14
Грязи не любит Уда. Только ранней весной, в ледоход, да летом, когда тают в вершинах белки, наливается мутью река. Несет валежник, ил, прошлогодние листья, обмывает каждую гальку, каждый камешек, убирает с берегов мусор и, сливаясь с другими реками, несет его в тихие низовья Енисея, в холодный, туманный океан. А к осени успокоится. Струится вода на плесах, в каменном русле, светлая-светлая, не взволнуется, не поморщится, только изредка зарябится от быстрого глубинного течения. Так, казалось бы, и остановится, заснет в неге, согретая жаркими лучами летнего солнца. Но спешит, спешит красавица; распустив на камнях холодные струи, как русые волосы, сбегает вниз по каменным ступеням — шиверам. Брызжет на берег огнистыми каплями, ласково гладит песчаные косы в затонах, на бегу подхватывает, прижимает к груди горные ключи, бурные речки и катится вниз, свежая, радостная, полная сил.

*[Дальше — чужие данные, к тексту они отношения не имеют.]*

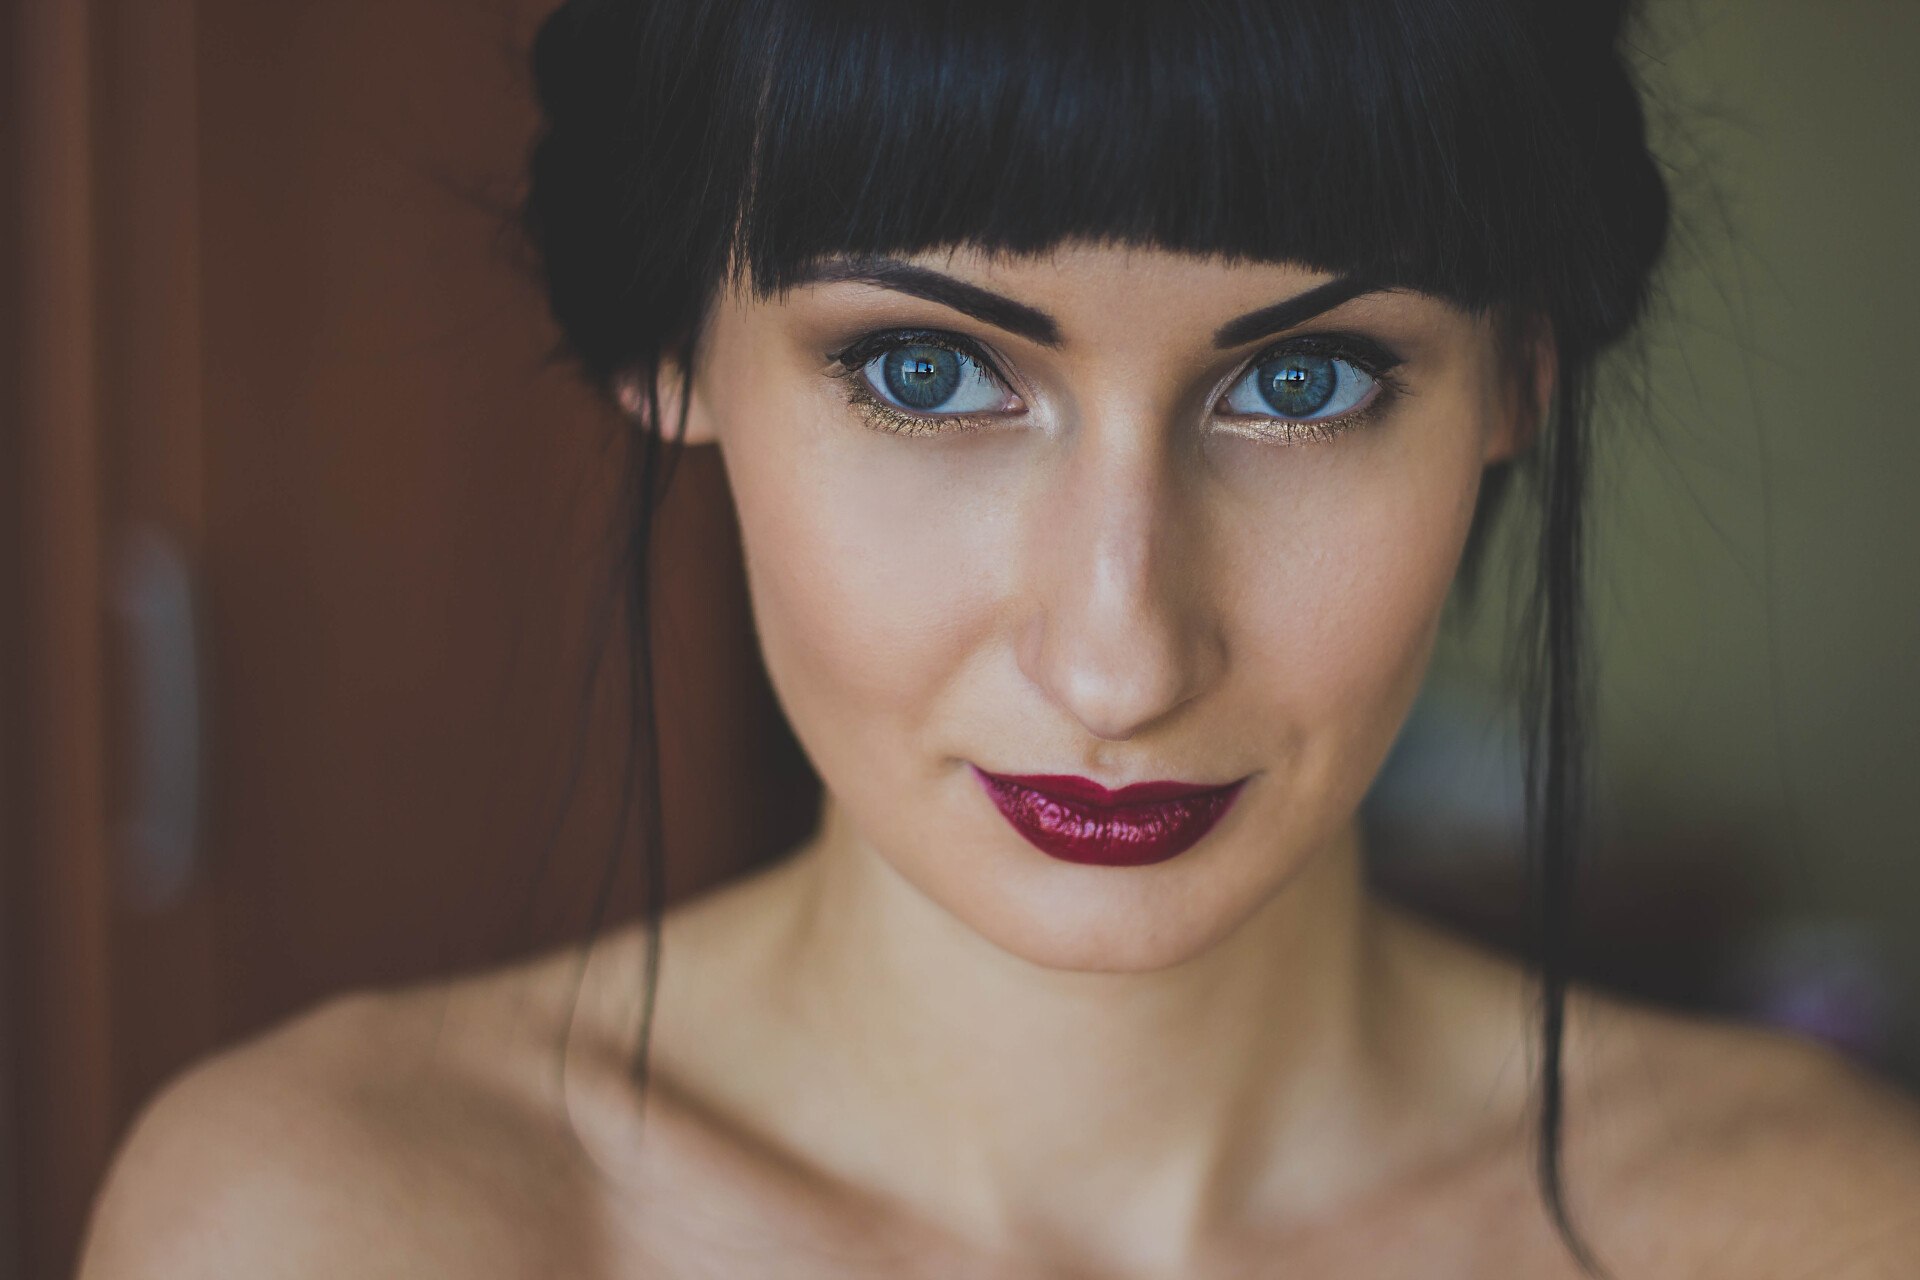 Dating A Czech Woman: How To Find, Date And Marry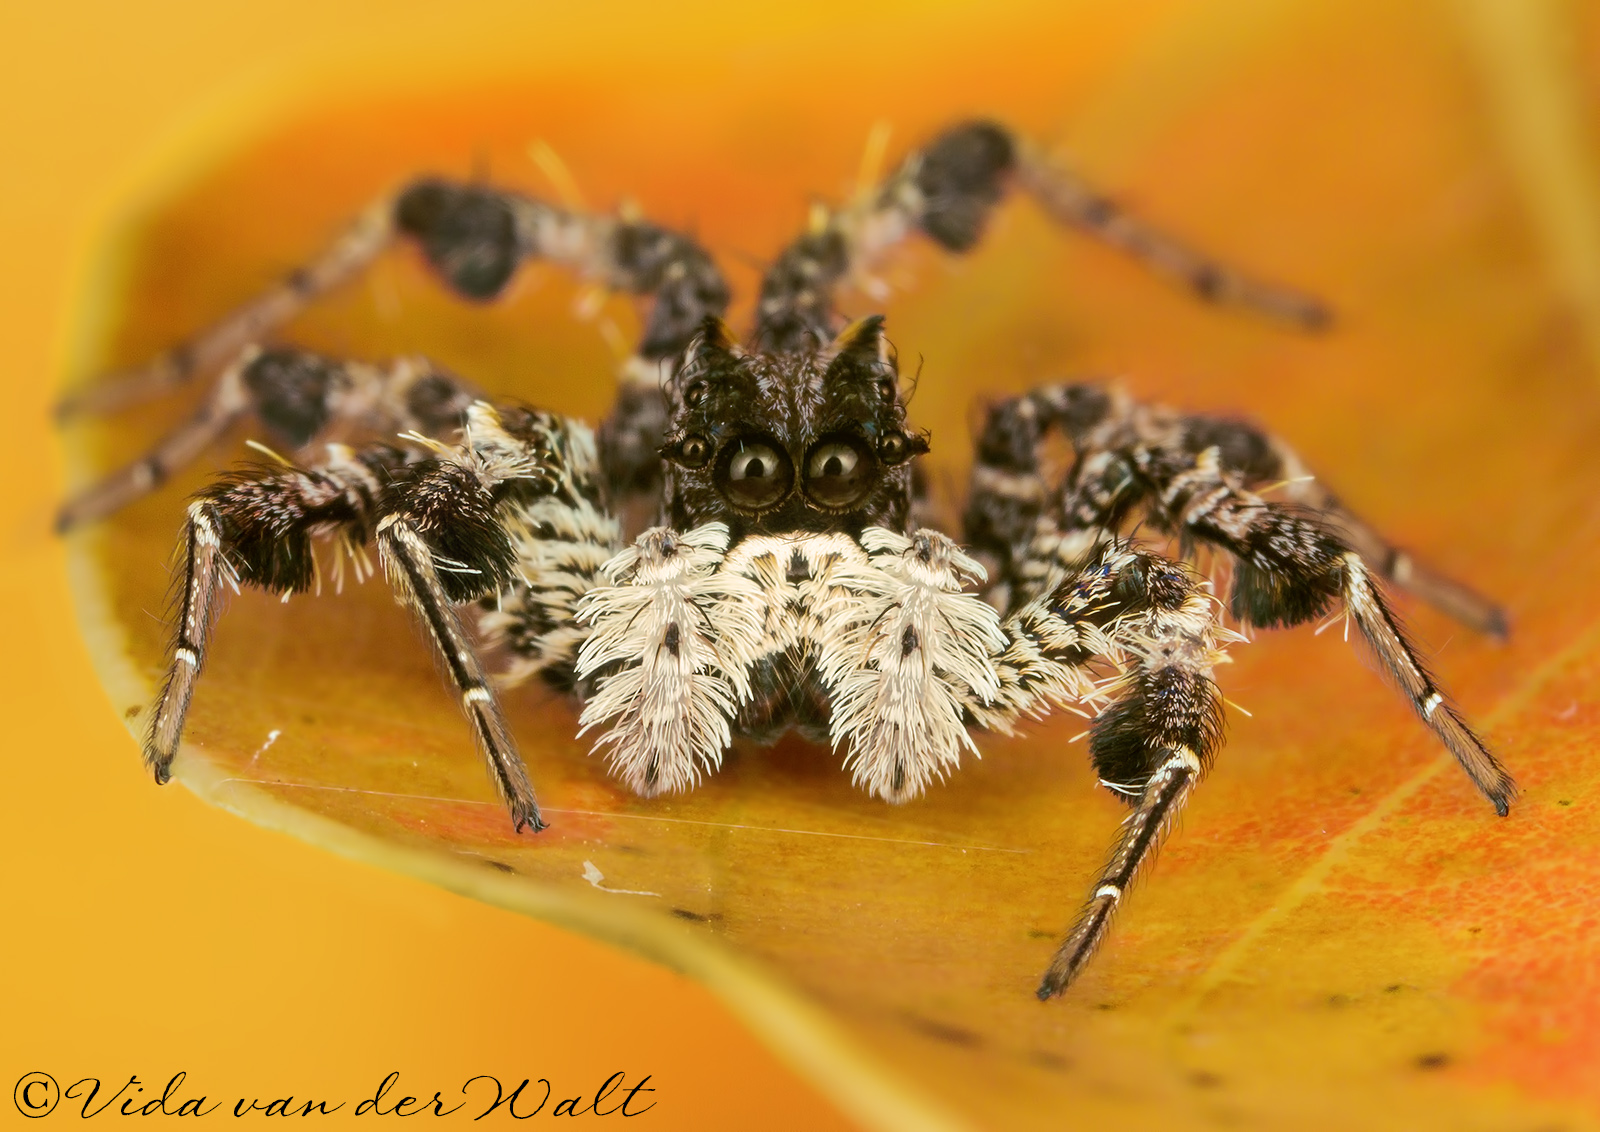 http://www.jumpingspiders.co.za/images/main/395.jpg

Да не везде ей течь так спокойно. Обступают ее суровые, могучие горы, бросают ей под ноги грузные серые глыбы камней. Становятся поперек пути или, вдруг отступив, оставляют глубокий обрыв. Не испугается ли, не остановится ли упрямая, не повернет ли назад?
Ох, грозны, могучи вы, хребты туманные! Убеленные вечными снегами, обросшие черной тайгой, изрезанные морщинами тенистых распадков. Ох, могучи, могучи, да неповоротливы! Не схватить вам, старики, не задержать Уду! Проскользнет под руками, как озорная девушка, захохочет, ударившись в острые камни порога, пенистыми волнами поднимется ее высокая грудь. И, вволю натешившись позором суровых хребтов, побежит по долине, веселая, ласковая, омывая корни столетних кедров.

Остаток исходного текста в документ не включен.